The consensus among the informants was that the impact of AI is not commonly included in ESG evaluations. However, all the interviewees could identify potential risks that AI could pose to the ESG dimensions. Moreover, the interviewees identified the need to take related issues into account, but the lack of guidelines and knowledge of AI in general was considered an obstacle to reliable evaluations of the use of AI. As one informant put it, “Well, the matter is that the topic is so new that, at least to my knowledge, there is no standard for investors, or a ‘look at these things and you can rest assured that your investment is a responsible user of AI’ sort of guidance available” (P3).

With respect to the suitability of current ESG rating mechanisms for evaluating the impacts of AI, the informants expressed divergent views. Some stated that in their view, the current ratings either are or would be suitable for AI products as well and that the rating agencies can develop their ratings to take the impact of AI into account in the future. One interviewee found “a lot of suitable indicators which could be transferred for discussions related to the responsible use of AI,” giving whistleblowing practices as an example (P2). However, the difficulty of developing ratings was also recognized: “It is likely difficult to take [the responsible use of AI] comprehensively into account as a whole” (P5).

In contrast, other interviewees saw the current evaluation methods as a poor fit for evaluating AI or stated that they did not have sufficient information related to either AI or the current ESG ratings to properly comment on the matter. This was ascribed to the topic being only in its early stages and investment professionals not taking it into account properly: “I have to say that I cannot think of any [rating frameworks suitable for evaluating AI], but it may be that there are some and I just do not understand them. And this is caused by my not having a sufficient level of knowledge related to this topic” (P3).

However, the perceived novelty of AI topics may be partly illusory. P3 also stated that in the past, when ESG was not yet a mainstream topic among investors, some portfolio managers would claim that they did not consider ESG meaningful. Nevertheless, topics in the ESG governance dimension were already de facto included in their own analyses. Drawing on this example, P3 stated that there could be elements in the current ratings that would be suitable for evaluating AI as well. Another interviewee shared similar views related to this matter: “[The ratings fit AI] Pretty poorly. I would say that it does not really come through yet; […] it is probably caused by the fact that even the overall understanding [of the topic] needs to be increased as well” (P4).

The question of whether existing indicators could be applied to the evaluation of the impact of AI or whether it should be its own theme, similar to climate change or protecting biodiversity in many ESG ratings, was also raised by the informants. P4 mentioned that the role that AI will play in the future would influence whether a new theme is needed for AI. If we expect AI to develop in a direction wherein it could cause severe damage to societies, a designated theme would be justified, but based on current knowledge, the informant (P4) deemed it unnecessary to dedicate a separate topic to AI. One interviewee also reminded us that some have suggested technology or digitality as an added dimension in ESG evaluations: “There are two schools of thought regarding this, with some thinking that AI responsibility should be included in a digital responsibility or a similar new pillar designated to these matters” (P2). However, following the previous statements, this was not considered necessary either; rather, adapting the current frameworks was seen as a better option.

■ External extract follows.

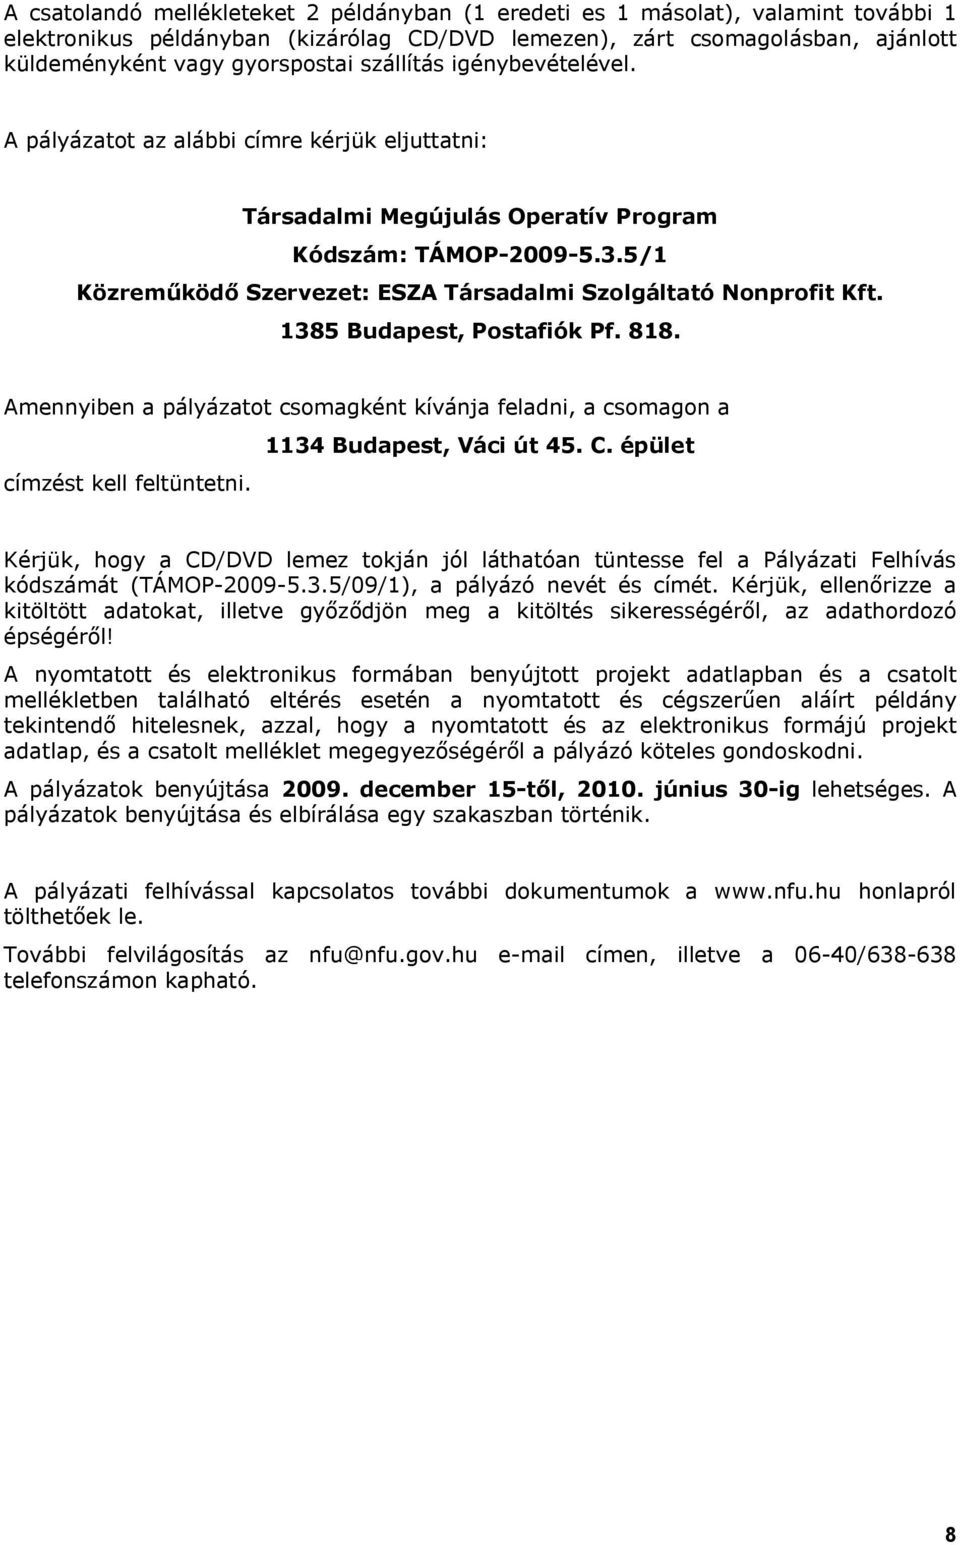 5/1 Közreműködő Szervezet: ESZA Társadalmi Szolgáltató Nonprofit Kft. 1385 Budapest, Postafiók Pf. 818. Amennyiben a pályázatot csomagként kívánja feladni, a csomagon a címzést kell feltüntetni.
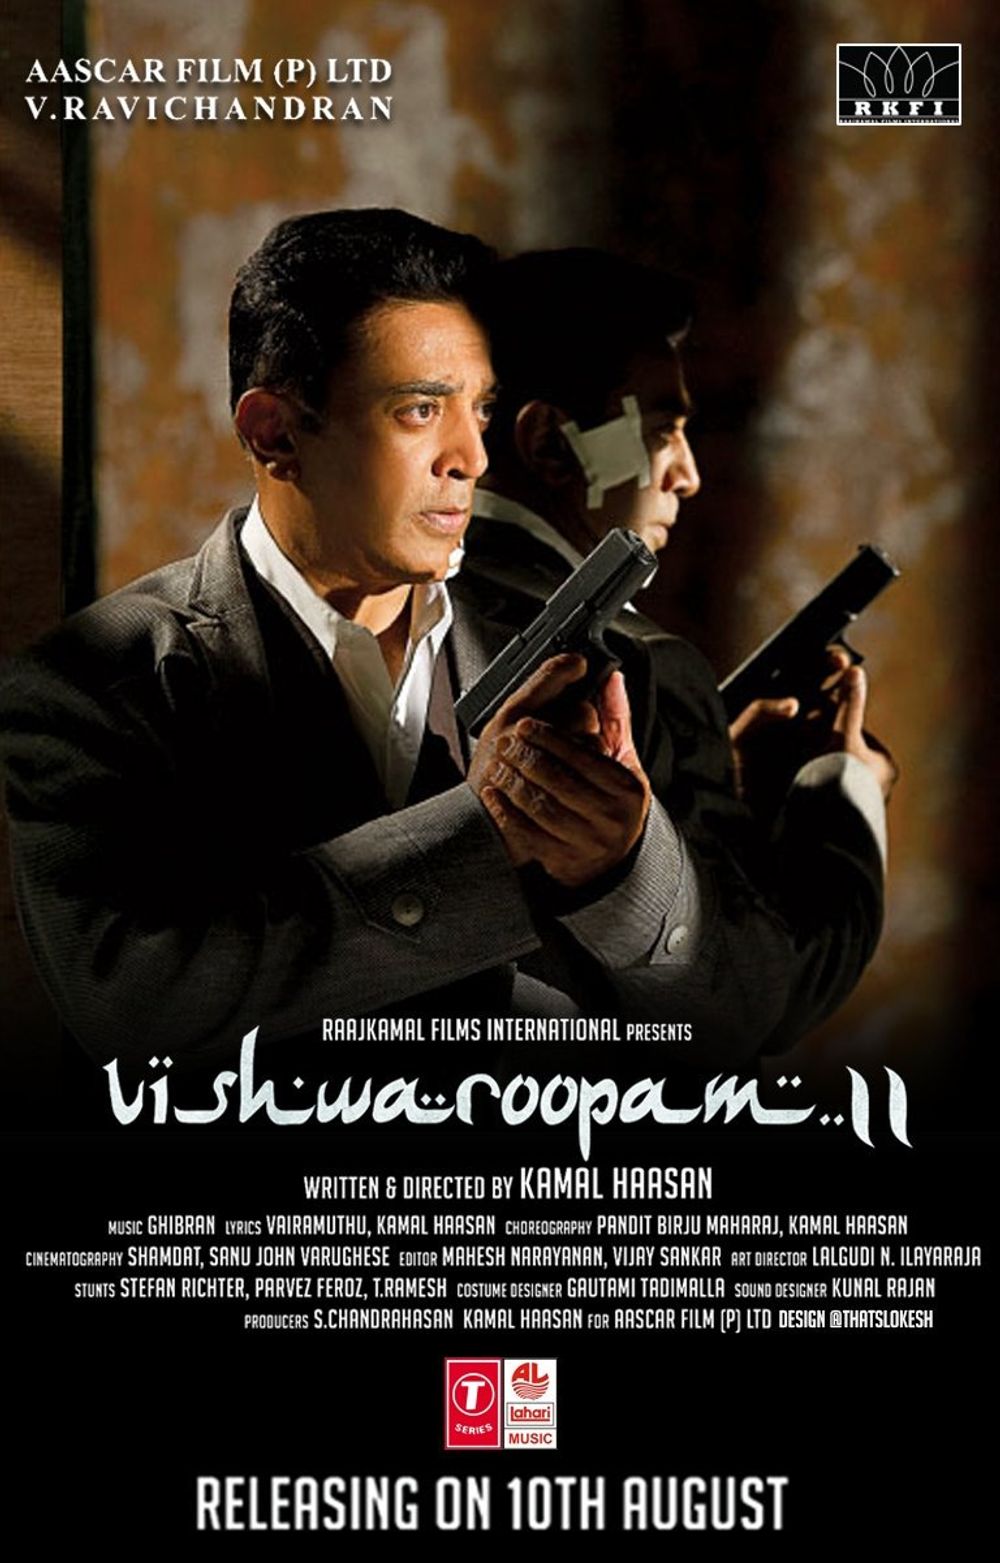 Kamal Haasan in Vishwaroopam release date poster

To complicate matters, AI-related impacts may be as yet unforeseen because technologies are advancing at a rapid pace: “All current consideration is related to our current way of working and to our current worldview […], but I also feel like it may have different kinds of impact that we are not able to evaluate or think about at this stage” (P3). The difficulty of foreseeing potential impacts is particularly the case in supply chains whereby companies purchase AI products from others, thus expanding the evaluation scope: “In a way, there is scope one and scope two, meaning that when the company itself is in the industry, it’s an easier case [to evaluate] and the information is more open, but when [the potential issue] is in the supply chain, it turns into a question of how the supply chain is managed instead” (P4).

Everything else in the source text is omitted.